Luckily, some restrictions which necessitated the use of BPF map semantics are
no longer relevant. With the introduction of kfuncs, kptrs, and the any-context
BPF allocator, it is now possible to implement BPF data structures whose API
and semantics more closely match those exposed to the rest of the kernel.

Two such data structures - linked_list and rbtree - have many verification
details in common. Because both have "root"s ("head" for linked_list) and
"node"s, the verifier code and this document refer to common functionality
as "graph_api", "graph_root", "graph_node", etc.

Unless otherwise stated, examples and semantics below apply to both graph data
structures.

Unstable API
------------

Data structures implemented using the BPF map API have historically used BPF
helper functions - either standard map API helpers like ``bpf_map_update_elem``
or map-specific helpers. The new-style graph data structures instead use kfuncs
to define their manipulation helpers. Because there are no stability guarantees
for kfuncs, the API and semantics for these data structures can be evolved in
a way that breaks backwards compatibility if necessary.

Root and node types for the new data structures are opaquely defined in the
``uapi/linux/bpf.h`` header.

Locking
-------

The new-style data structures are intrusive and are defined similarly to their
vanilla kernel counterparts:

.. code-block:: c

        struct node_data {
          long key;
          long data;
          struct bpf_rb_node node;
        };

        struct bpf_spin_lock glock;
        struct bpf_rb_root groot __contains(node_data, node);

The "root" type for both linked_list and rbtree expects to be in a map_value
which also contains a ``bpf_spin_lock`` - in the above example both global
variables are placed in a single-value arraymap. The verifier considers this
spin_lock to be associated with the ``bpf_rb_root`` by virtue of both being in
the same map_value and will enforce that the correct lock is held when
verifying BPF programs that manipulate the tree. Since this lock checking
happens at verification time, there is no runtime penalty.

Non-owning references
---------------------

**Motivation**

Consider the following BPF code:

.. code-block:: c

        struct node_data *n = bpf_obj_new(typeof(*n)); /* ACQUIRED */

        bpf_spin_lock(&lock);

        bpf_rbtree_add(&tree, n); /* PASSED */

        bpf_spin_unlock(&lock);

From the verifier's perspective, the pointer ``n`` returned from ``bpf_obj_new``
has type ``PTR_TO_BTF_ID | MEM_ALLOC``, with a ``btf_id`` of
``struct node_data`` and a nonzero ``ref_obj_id``. Because it holds ``n``, the
program has ownership of the pointee's (object pointed to by ``n``) lifetime.
The BPF program must pass off ownership before exiting - either via
``bpf_obj_drop``, which ``free``'s the object, or by adding it to ``tree`` with
``bpf_rbtree_add``.

(``ACQUIRED`` and ``PASSED`` comments in the example denote statements where
"ownership is acquired" and "ownership is passed", respectively)

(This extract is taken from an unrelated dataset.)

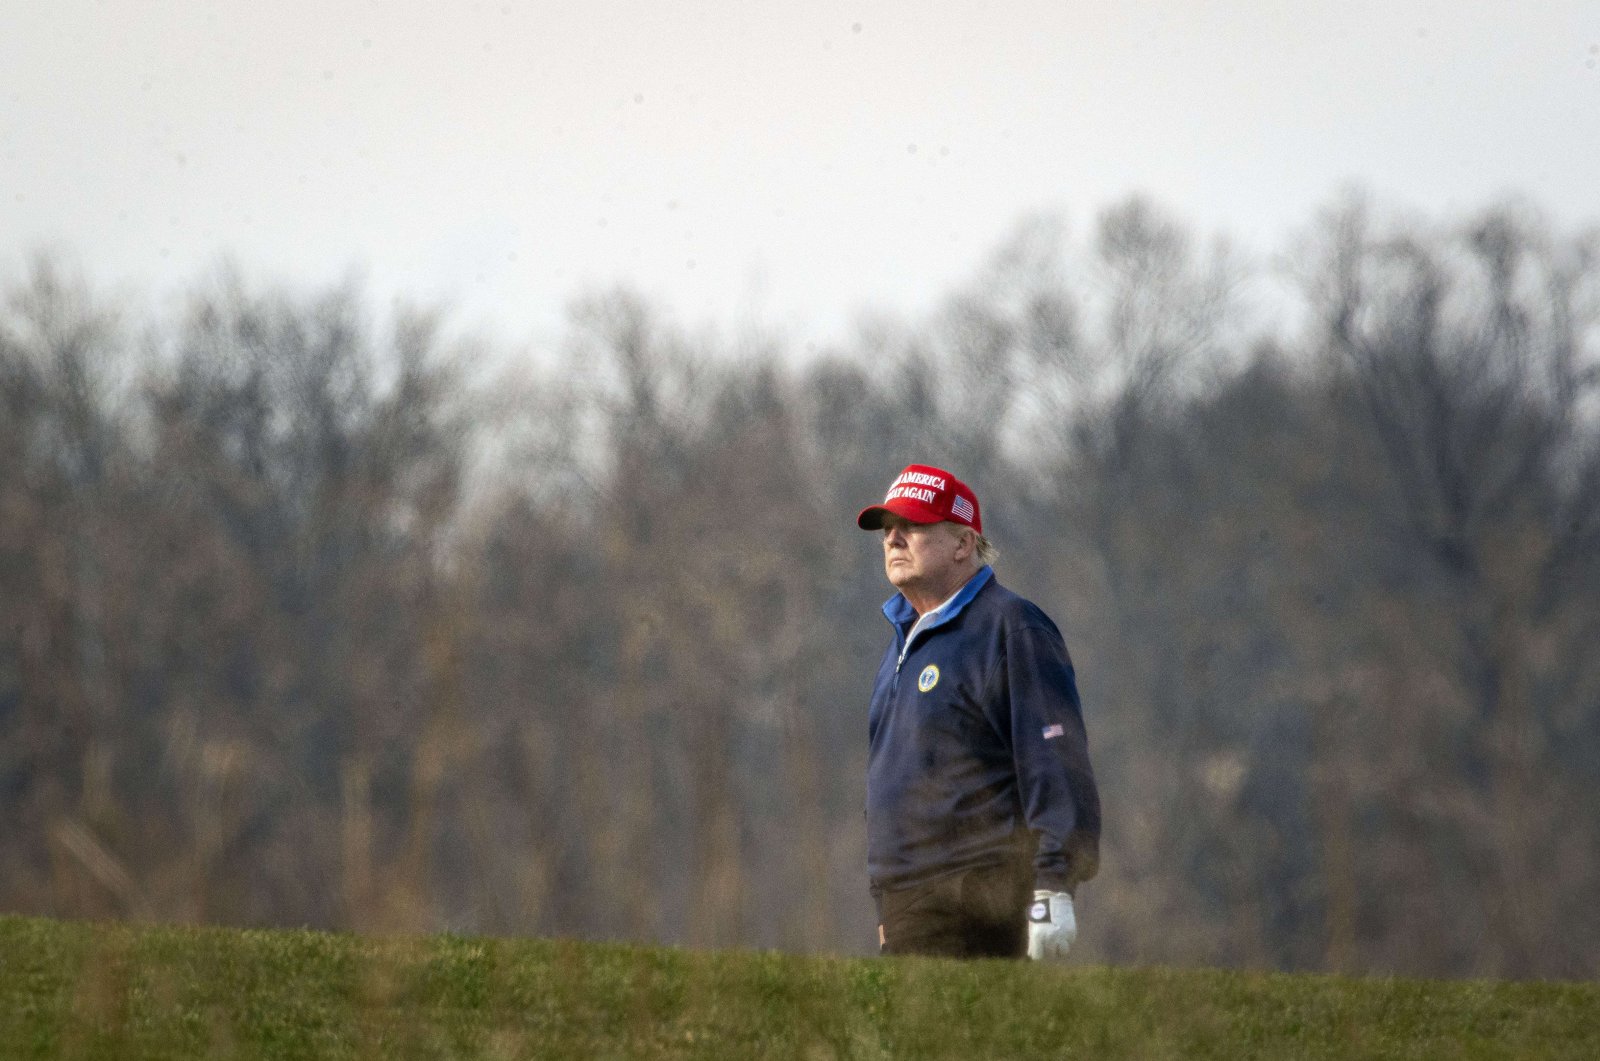 U.S. President Donald Trump golfs at Trump National Golf Club on December 13, 2020 in Sterling, Virginia. (AFP Photo)
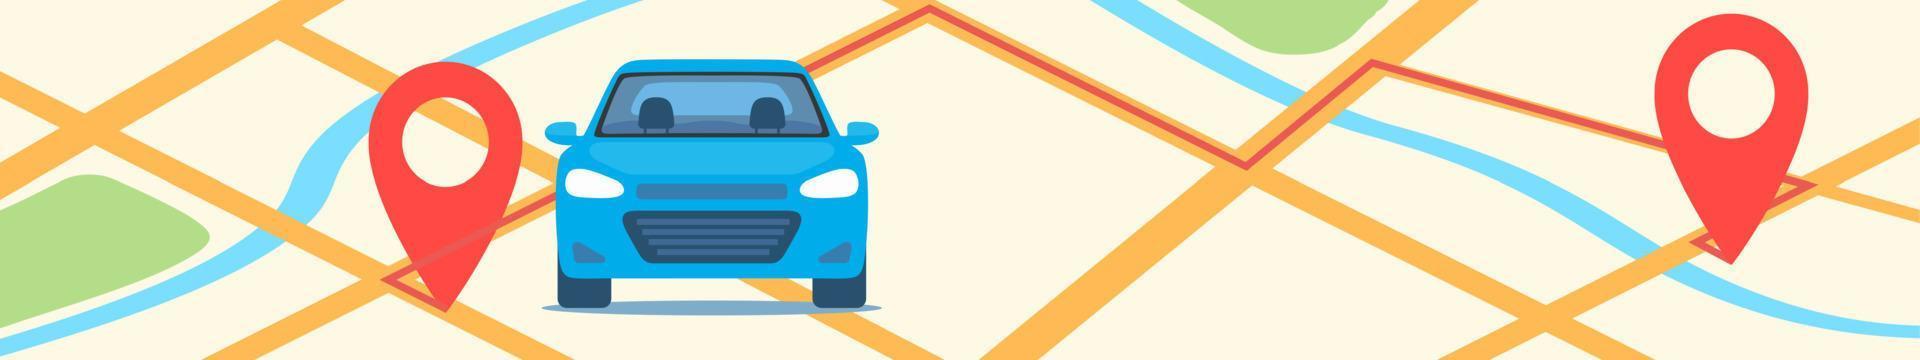 Car on city map with red pins and route between them. Horizontal banner template. GPS navigator or car sharing concept illustration, vector. vector

What should the verifier do with ``n`` after ownership is passed off? If the
object was ``free``'d with ``bpf_obj_drop`` the answer is obvious: the verifier
should reject programs which attempt to access ``n`` after ``bpf_obj_drop`` as
the object is no longer valid. The underlying memory may have been reused for
some other allocation, unmapped, etc.

When ownership is passed to ``tree`` via ``bpf_rbtree_add`` the answer is less
obvious. The verifier could enforce the same semantics as for ``bpf_obj_drop``,
but that would result in programs with useful, common coding patterns being
rejected, e.g.:

.. code-block:: c

        int x;
        struct node_data *n = bpf_obj_new(typeof(*n)); /* ACQUIRED */

        bpf_spin_lock(&lock);

        bpf_rbtree_add(&tree, n); /* PASSED */
        x = n->data;
        n->data = 42;

        bpf_spin_unlock(&lock);

Both the read from and write to ``n->data`` would be rejected. The verifier
can do better, though, by taking advantage of two details:

  * Graph data structure APIs can only be used when the ``bpf_spin_lock``
    associated with the graph root is held

  * Both graph data structures have pointer stability

     * Because graph nodes are allocated with ``bpf_obj_new`` and
       adding / removing from the root involves fiddling with the
       ``bpf_{list,rb}_node`` field of the node struct, a graph node will
       remain at the same address after either operation.

Because the associated ``bpf_spin_lock`` must be held by any program adding
or removing, if we're in the critical section bounded by that lock, we know
that no other program can add or remove until the end of the critical section.
This combined with pointer stability means that, until the critical section
ends, we can safely access the graph node through ``n`` even after it was used
to pass ownership.

The verifier considers such a reference a *non-owning reference*. The ref
returned by ``bpf_obj_new`` is accordingly considered an *owning reference*.
Both terms currently only have meaning in the context of graph nodes and API.

**Details**

Let's enumerate the properties of both types of references.

*owning reference*

  * This reference controls the lifetime of the pointee

  * Ownership of pointee must be 'released' by passing it to some graph API
    kfunc, or via ``bpf_obj_drop``, which ``free``'s the pointee

    * If not released before program ends, verifier considers program invalid

  * Access to the pointee's memory will not page fault

*non-owning reference*

  * This reference does not own the pointee

     * It cannot be used to add the graph node to a graph root, nor ``free``'d via
       ``bpf_obj_drop``

  * No explicit control of lifetime, but can infer valid lifetime based on
    non-owning ref existence (see explanation below)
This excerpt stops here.